▶ _EXTRACTED MATERIAL_:
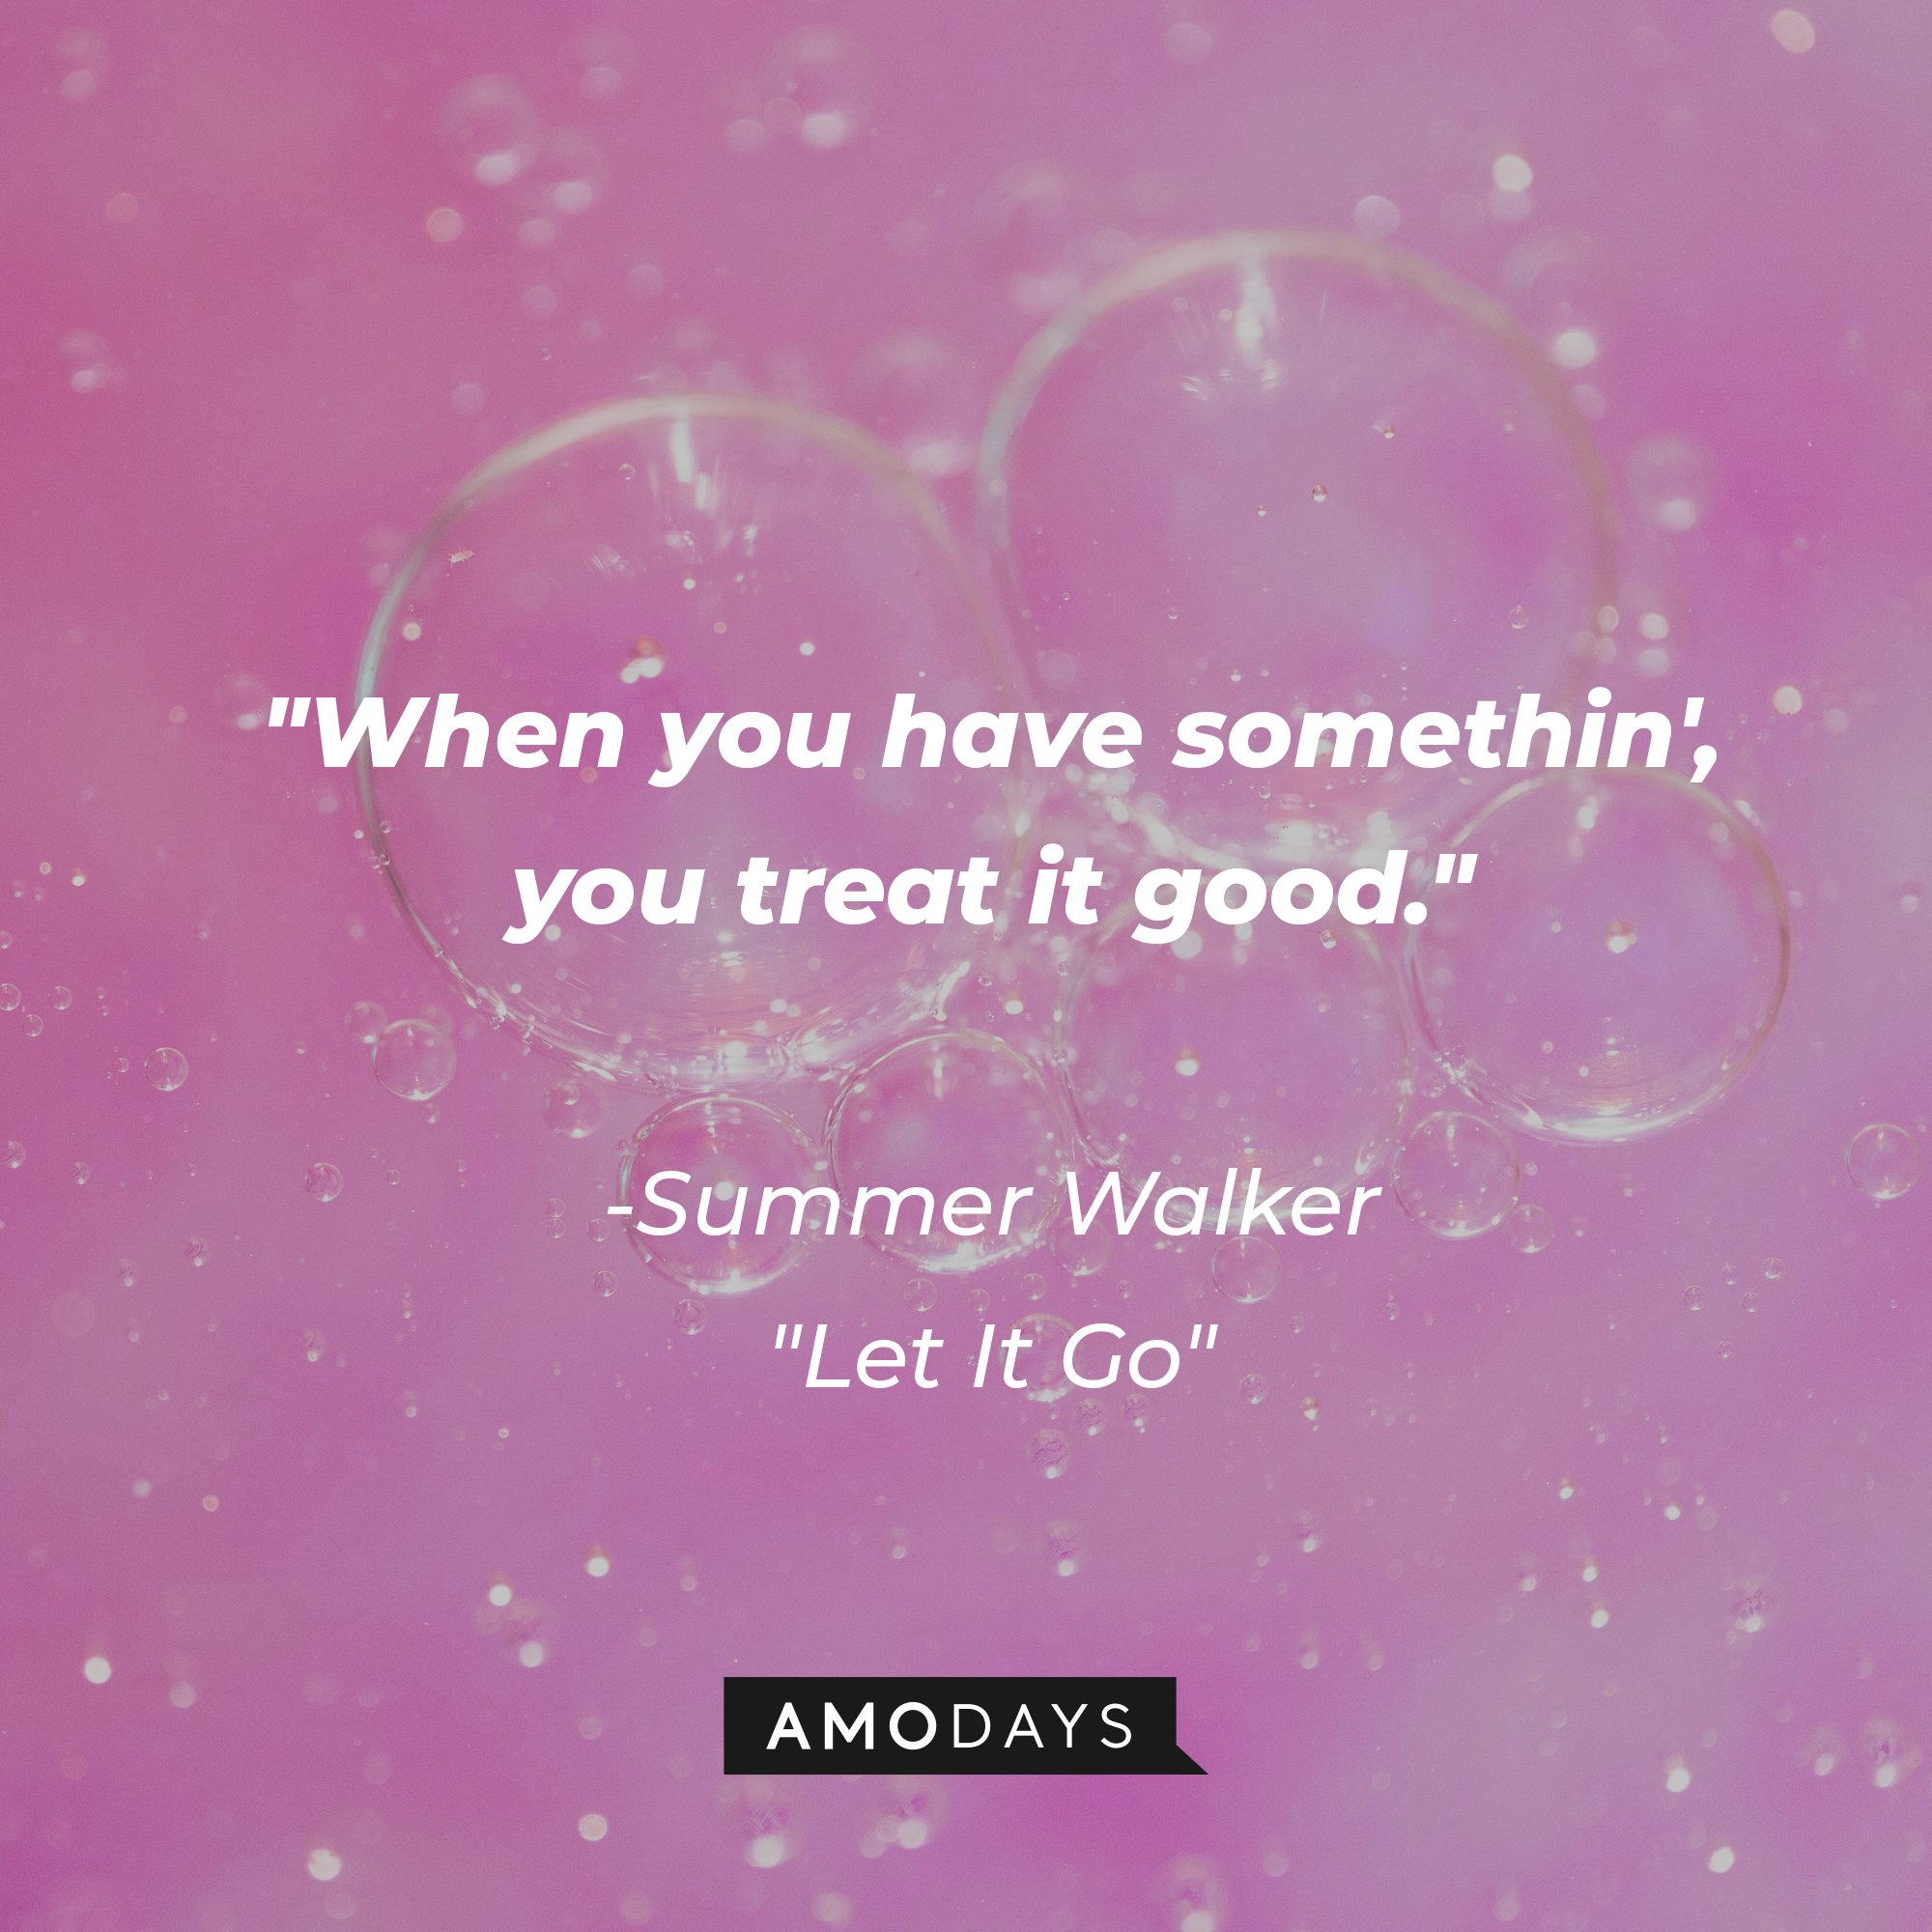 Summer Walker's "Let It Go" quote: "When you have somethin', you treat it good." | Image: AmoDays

==

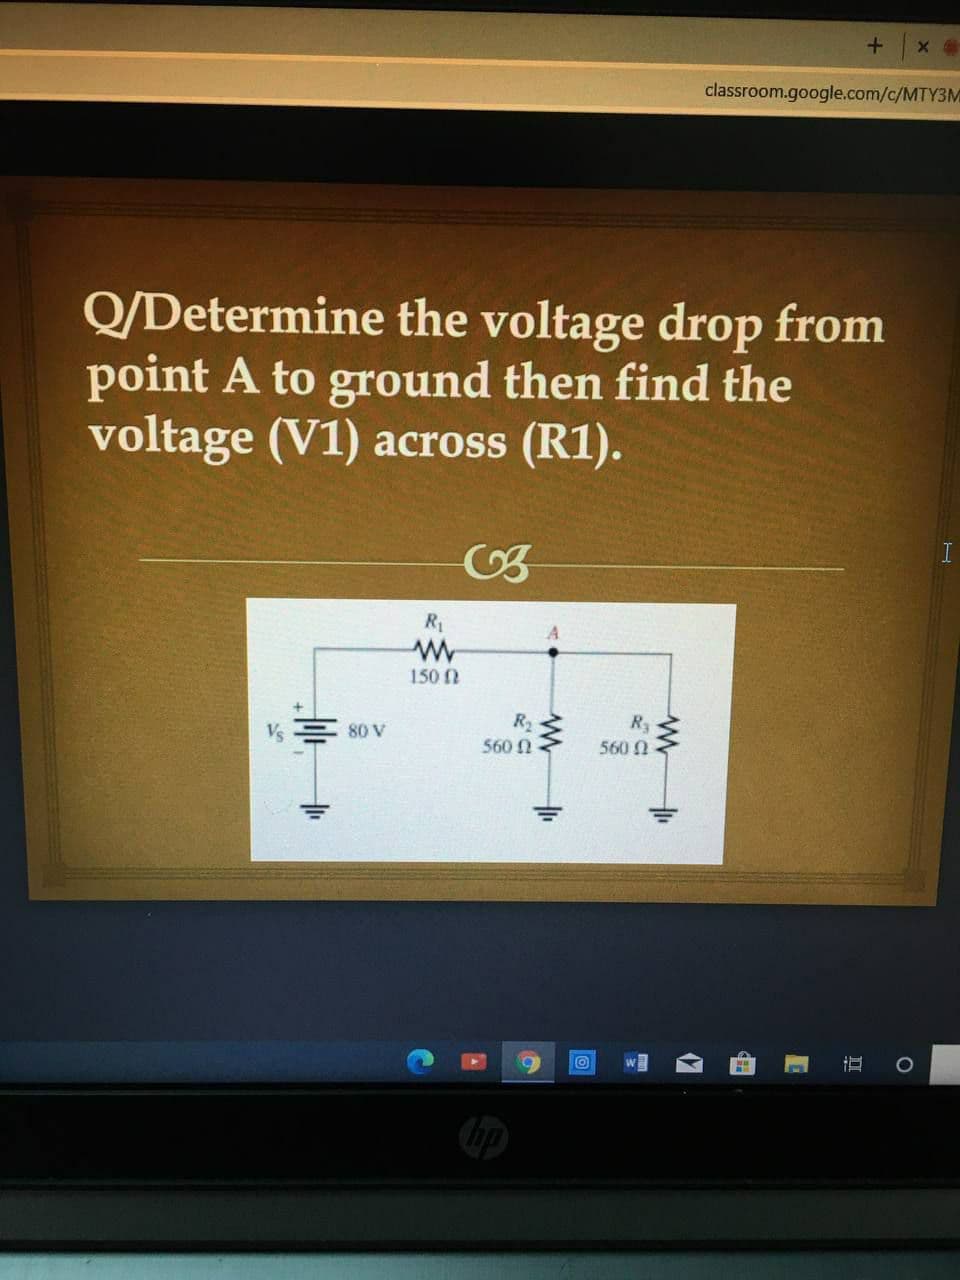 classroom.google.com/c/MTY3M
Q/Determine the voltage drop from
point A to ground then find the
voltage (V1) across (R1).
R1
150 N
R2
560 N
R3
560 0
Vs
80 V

---

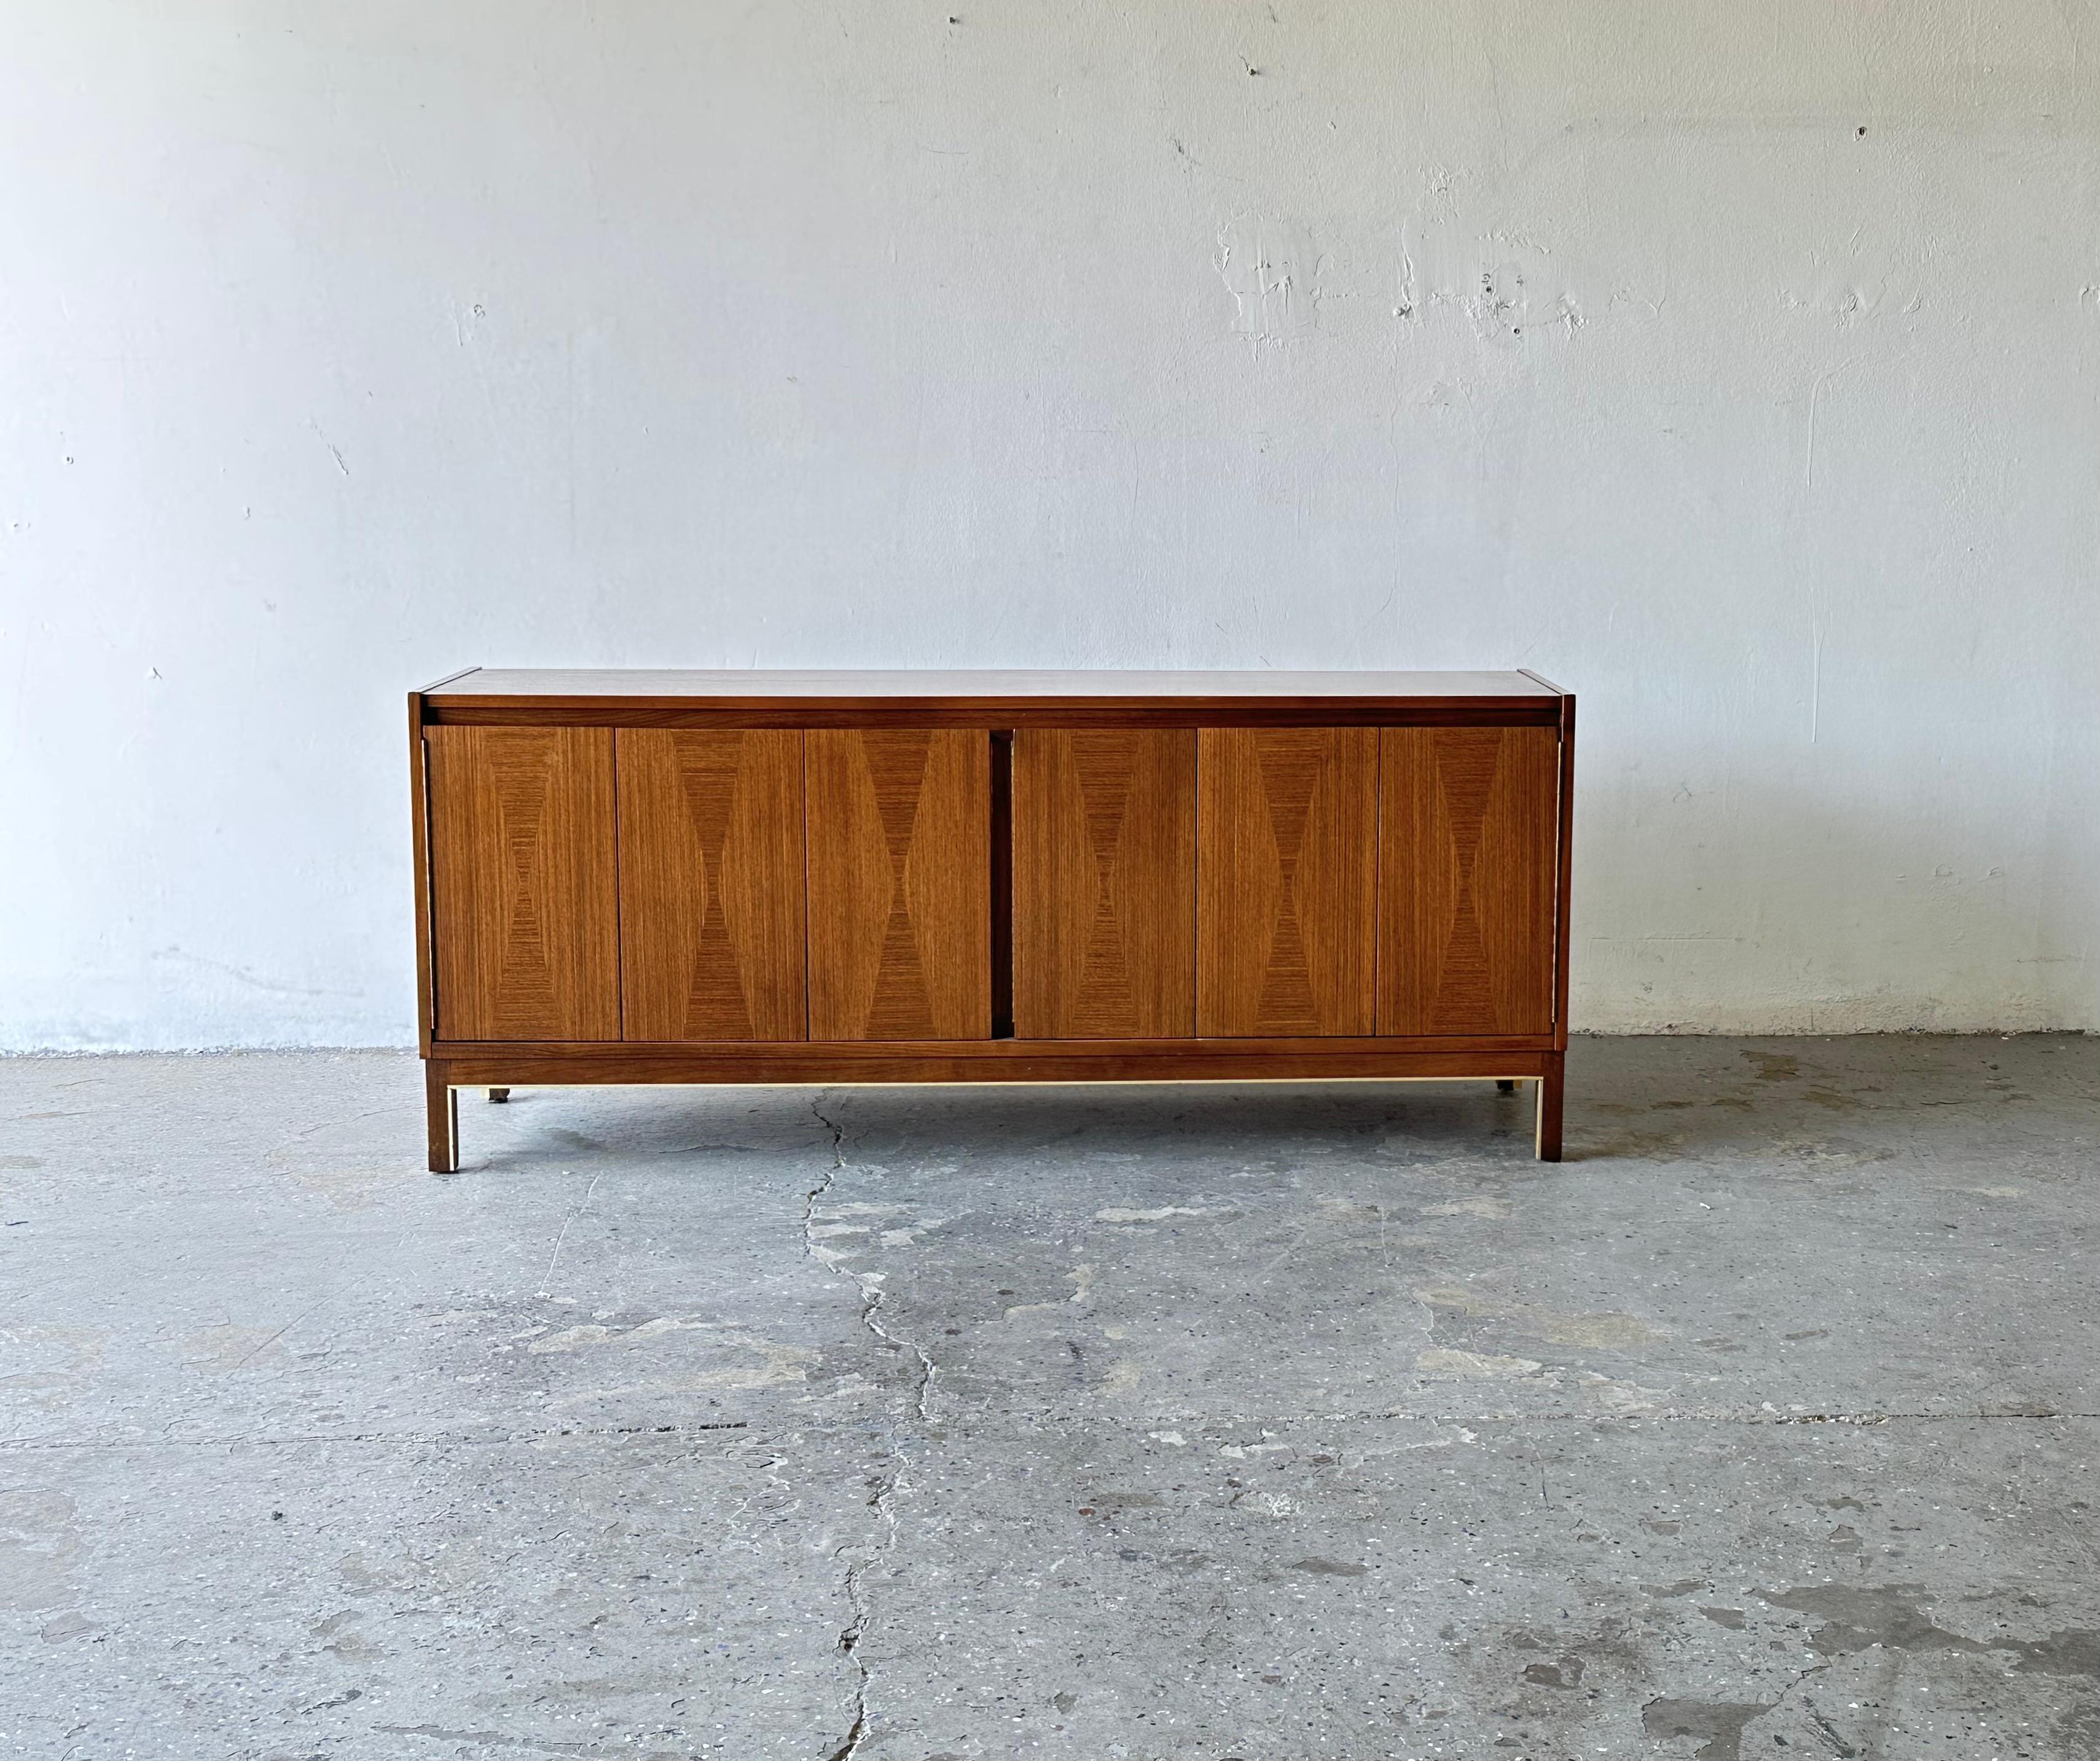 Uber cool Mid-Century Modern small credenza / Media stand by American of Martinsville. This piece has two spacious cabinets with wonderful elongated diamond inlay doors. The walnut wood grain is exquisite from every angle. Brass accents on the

▶ _INSTRUCTIONS FOR THE TASK_:
Could you return all lines from the data above that contain the string "voltage"?

▶ _SOLUTION TO THIS PROBLEM_:
Q/Determine the voltage drop from
voltage (V1) across (R1).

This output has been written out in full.